Possible improvements:
- Use lightweight expression adapters instead of Expression descendants as result of ConstantExtractor, such as the ones from MetaLinq. .NET expressions perform lots of checks during their construction, which aren't necessary here. We must just be able to compare such tree for equality with another one, compute its hash code, and much rarely - convert it to .NET expressions to get it compiled. I feel this should improve the performance at least twice.


Usage

- Download DO4 - it contains compiled version of Xtensive.Core.dll, as well as its source code
- Add reference to Xtensive.Core.dll to your project
- Add "using Xtensive.Core.Linq;" to C# file containing lambda.Compile()
- Replace lambda.Compile() to lambda.CachingCompile().

Wednesday, May 6, 2009

Built-in Visual Studio 2008 Code Generator

Have you ever heard about code generator built-in VS 2008 by default? Microsoft named it "T4: Text Template Transformation Toolkit". It is integrated into Visual Studio and very easy to use. Let me demonstrate it on example.

Let us suppose we need a class with methods like those for such primitive types as Int32, Double, Decimal, DateTime, TimeSpan and other.

  public static Double ParseDouble(string value)
  {
    if (value == "Default")
      return default(Double);
    if (value == "MinValue")
      return Double.MinValue;
    if (value == "MaxValue")
      return Double.MaxValue;
    return Double.Parse(value);
  }

  public static Double? ParseNullableDouble(string value)
  {
    if (value == "Default")
      return default(Double);
    if (value == "MinValue")
      return Double.MinValue;
    if (value == "MaxValue")
      return Double.MaxValue;
    if (value == "Null")
      return null;
    return Double.Parse(value);
  }


Because it isn't very interesting to implement it manually I suggest to use built-in code generator.

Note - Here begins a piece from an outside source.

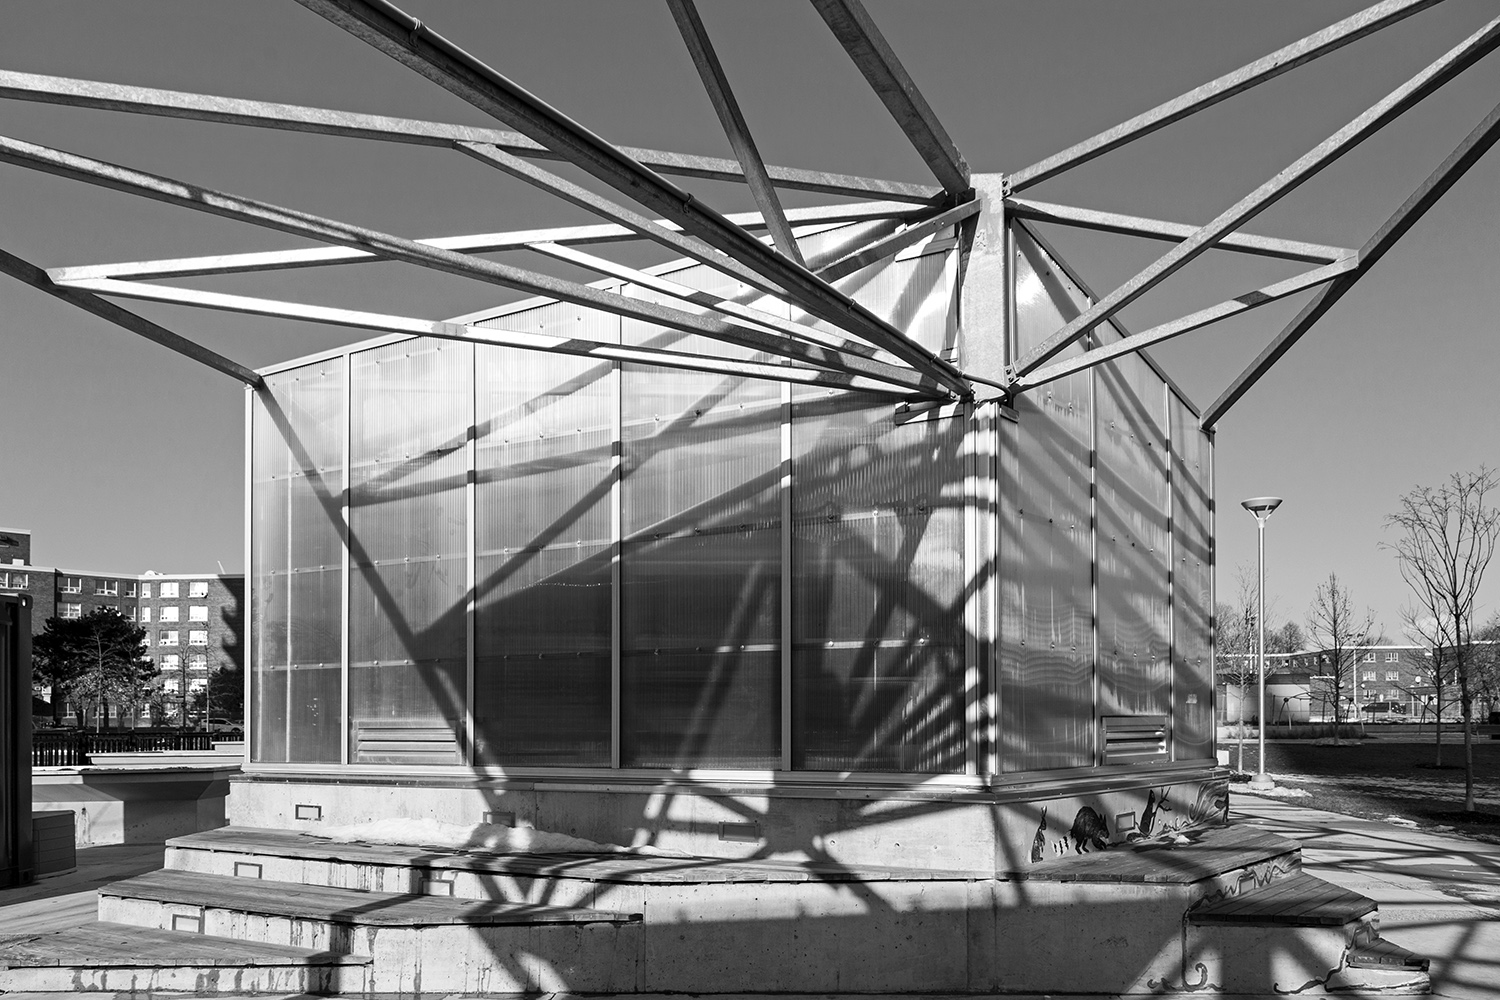 20170103. Regent Park's new park features this neat structure ho

How we can do this:

1. Create class SmartParser.cs and implement those methods for one type, e.g. for Int32
2. Rename SmartParser.cs to SmartParser.tt
3. Now it is possible to use ASP.NET-like tags <# #> and <#= #> to generate this code for all types we need and Visual Studio will automatically create file SmartParser.cs

In our case SmartParser.tt will look like this:

using System;

public static class SmartParser
{
<#
Type[] types = new Type[] {
  typeof(Int32),
  typeof(Double),
  typeof(Decimal),
  typeof(DateTime),
  typeof(TimeSpan)
};
foreach (Type type in types) {
#>

  public static <#=type.Name#> Parse<#=type.Name#>(string value)
  {
    if (value == "Default")
      return default(<#=type.Name#>);
    if (value == "MinValue")
      return <#=type.Name#>.MinValue;
    if (value == "MaxValue")
      return <#=type.Name#>.MaxValue;
    return <#=type.Name#>.Parse(value);
  }

  public static <#=type.Name#>? ParseNullable<#=type.Name#>(string value)
  {
    if (value == "Default")
      return default(<#=type.Name#>);
    if (value == "MinValue")
      return <#=type.Name#>.MinValue;
    if (value == "MaxValue")
      return <#=type.Name#>.MaxValue;
    if (value == "Null")
      return null;
    return <#=type.Name#>.Parse(value);
  }
<#
}
#>

}


Now we can open automatically generated SmartParser.cs just to ensure, that everything is OK and our "huge" class is successfully generated (-;

You can generate not only *.cs files, but *.xml, *.txt, *.html and generally text files with any extension. There are also several useful directives, for example:

<#@ output extension="txt" #>
<#@ template language="C#v3.5" #>
<#@ import namespace="System.Linq" #>
<#@ assembly name="System.Core" #>


Any additional information on T4 can be easily found оn the web.